The first thing we want to do is split our dataset into training and test samples. The reason why we do this, is so that we can simulate a real life situation by generating predictions for our test sample, without showing the predictive model these data points. This gives us the ability to see how well our model is able to generalise to new data, which is critical.
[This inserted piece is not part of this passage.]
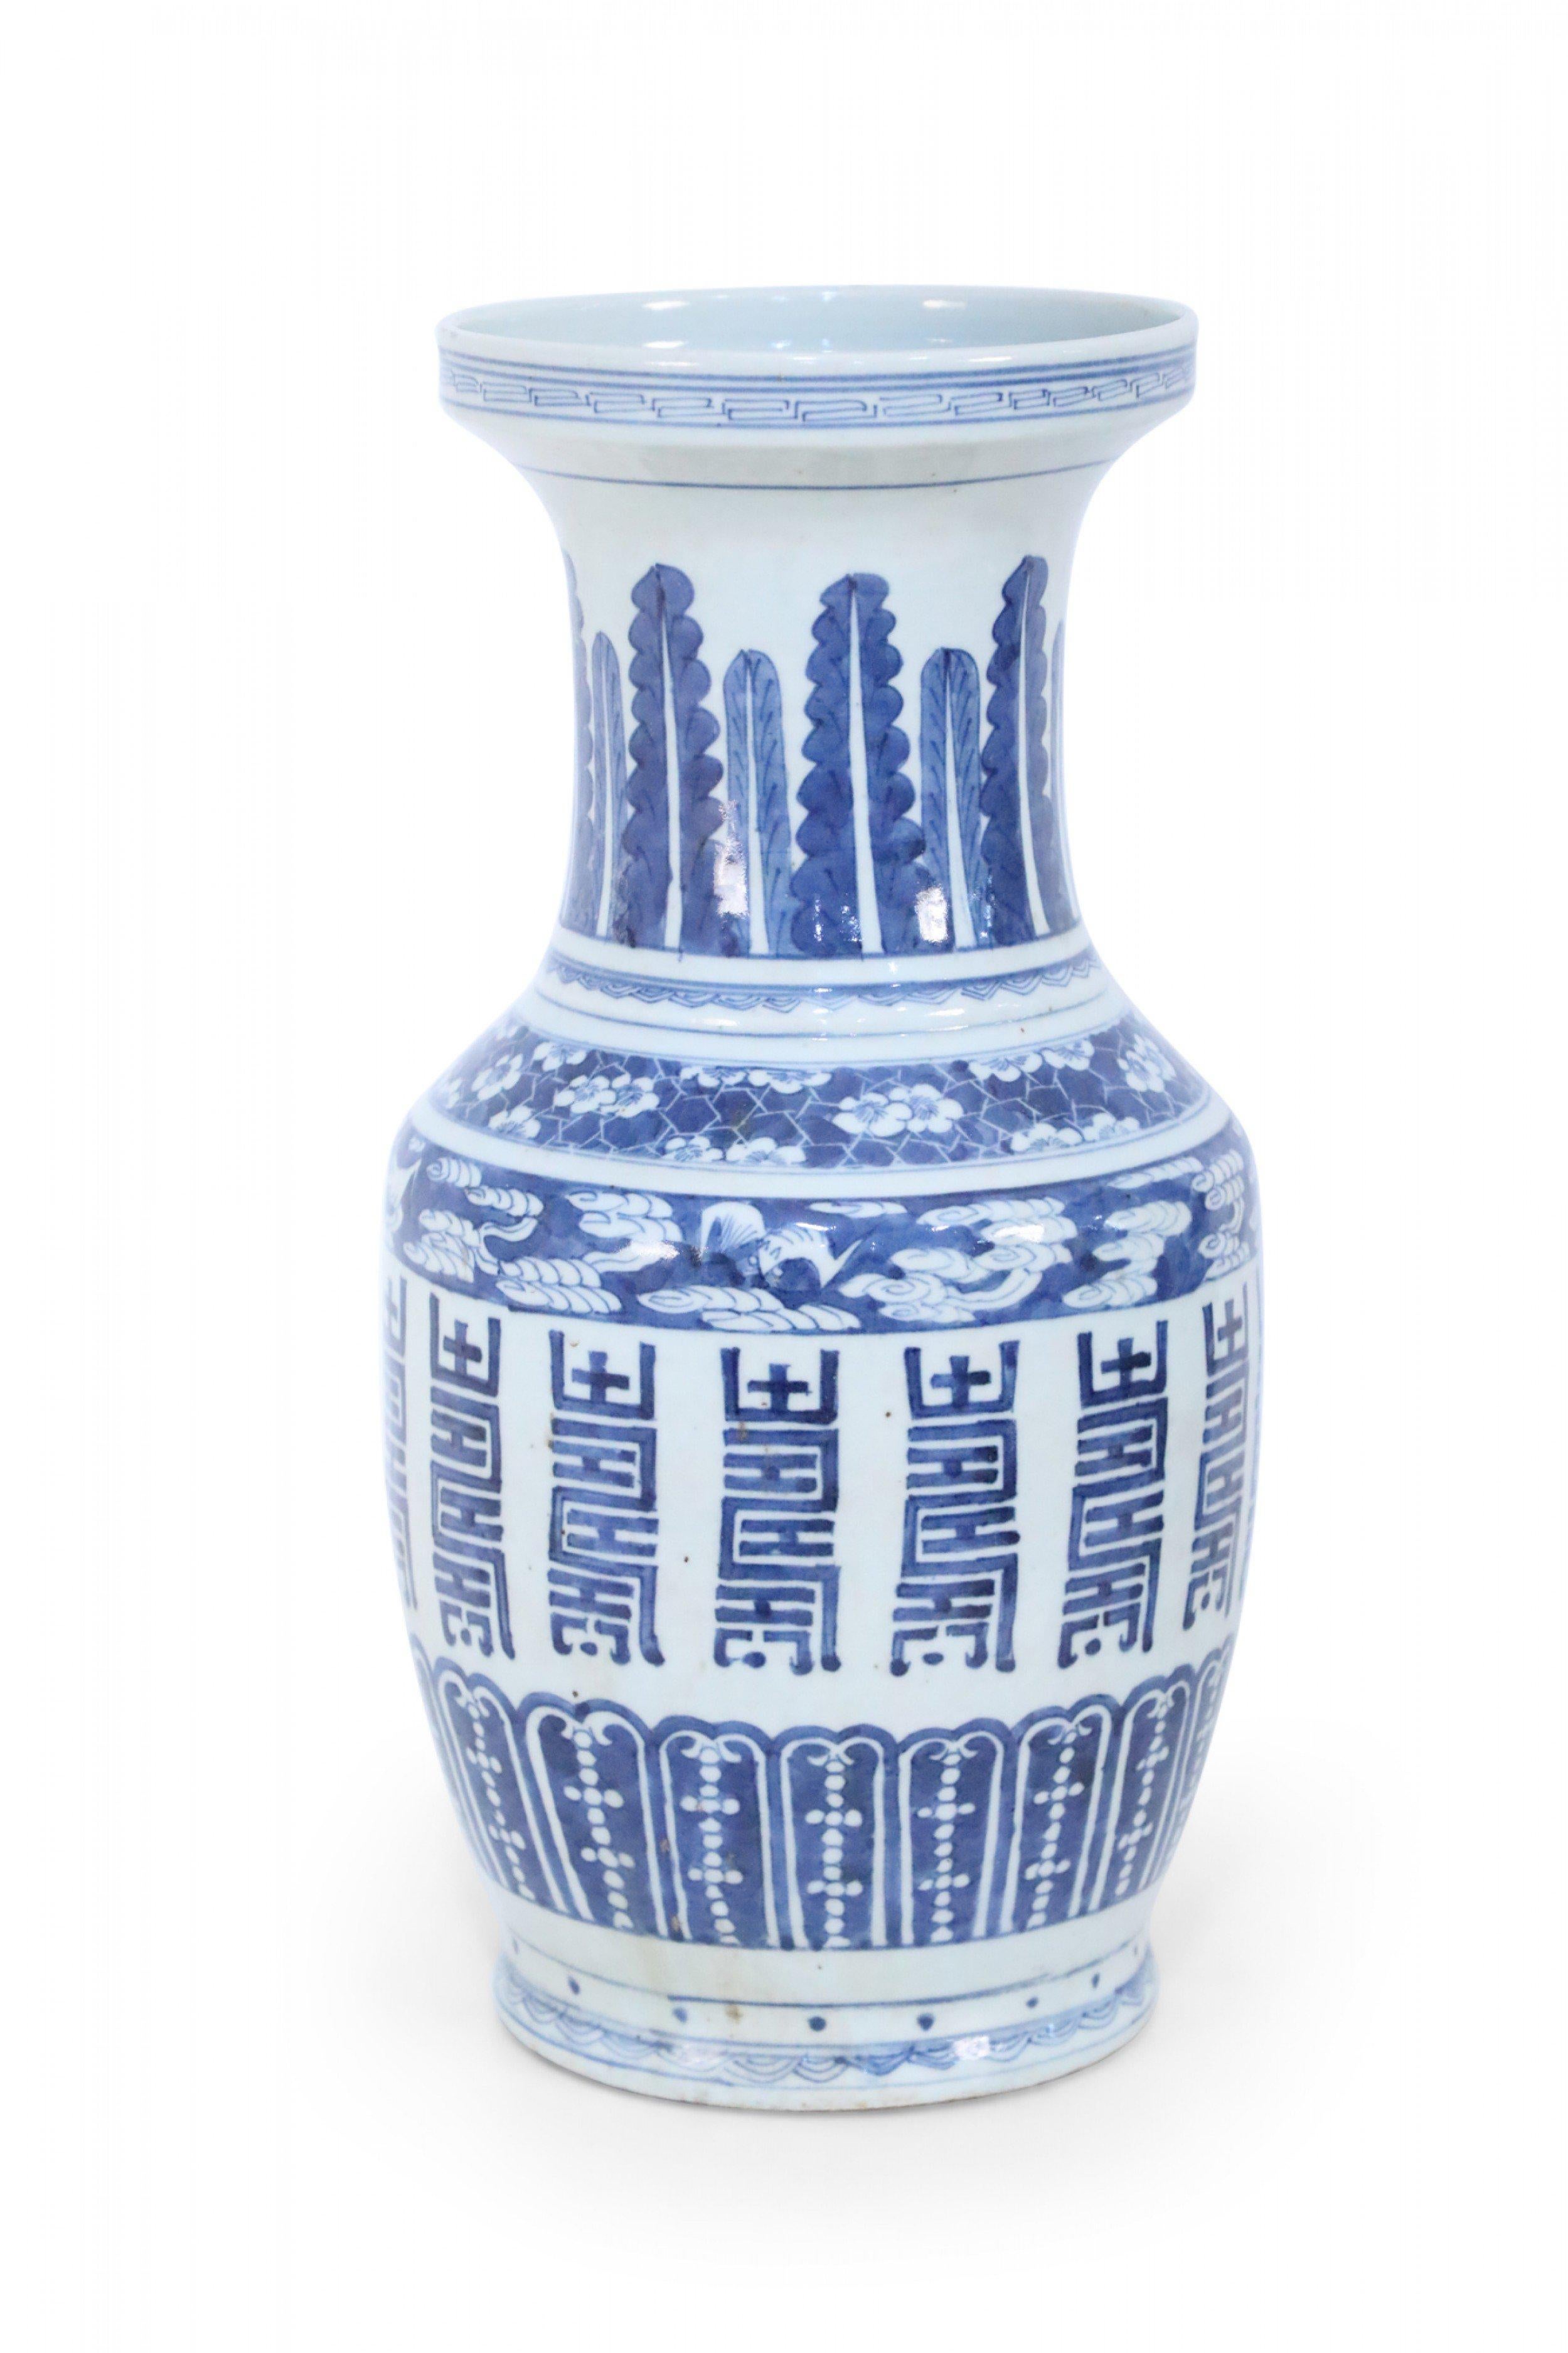 Urne en porcelaine blanche chinoise peinte d'une variété de motifs bleus et décoratifs, notamment des plumes et des marques verticales audacieuses, qui sont proportionnellement équilibrés pour créer un design harmonieux.
     

A typical % to dedicate to testing is between 20-30, for this example we will use a 75-25% split between train and test respectively.

In [None]:
# Make a copy of our data
train_df = df.copy()

# Separate target variable from independent variables
y = df['churn']
X = df.drop(columns=['id', 'churn'])
print(X.shape)
print(y.shape)

(14606, 61)
(14606,)


In [None]:
X_train, X_test, y_train, y_test = train_test_split(X, y, test_size=0.25, random_state=42)
print(X_train.shape)
print(y_train.shape)
print(X_test.shape)
print(y_test.shape)

(10954, 61)
(10954,)
(3652, 61)
(3652,)


### Model training

Once again, we are using a `Random Forest` classifier in this example. A Random Forest sits within the category of `ensemble` algorithms because internally the `Forest` refers to a collection of `Decision Trees` which are tree-based learning algorithms. As the data scientist, you can control how large the forest is (that is, how many decision trees you want to include).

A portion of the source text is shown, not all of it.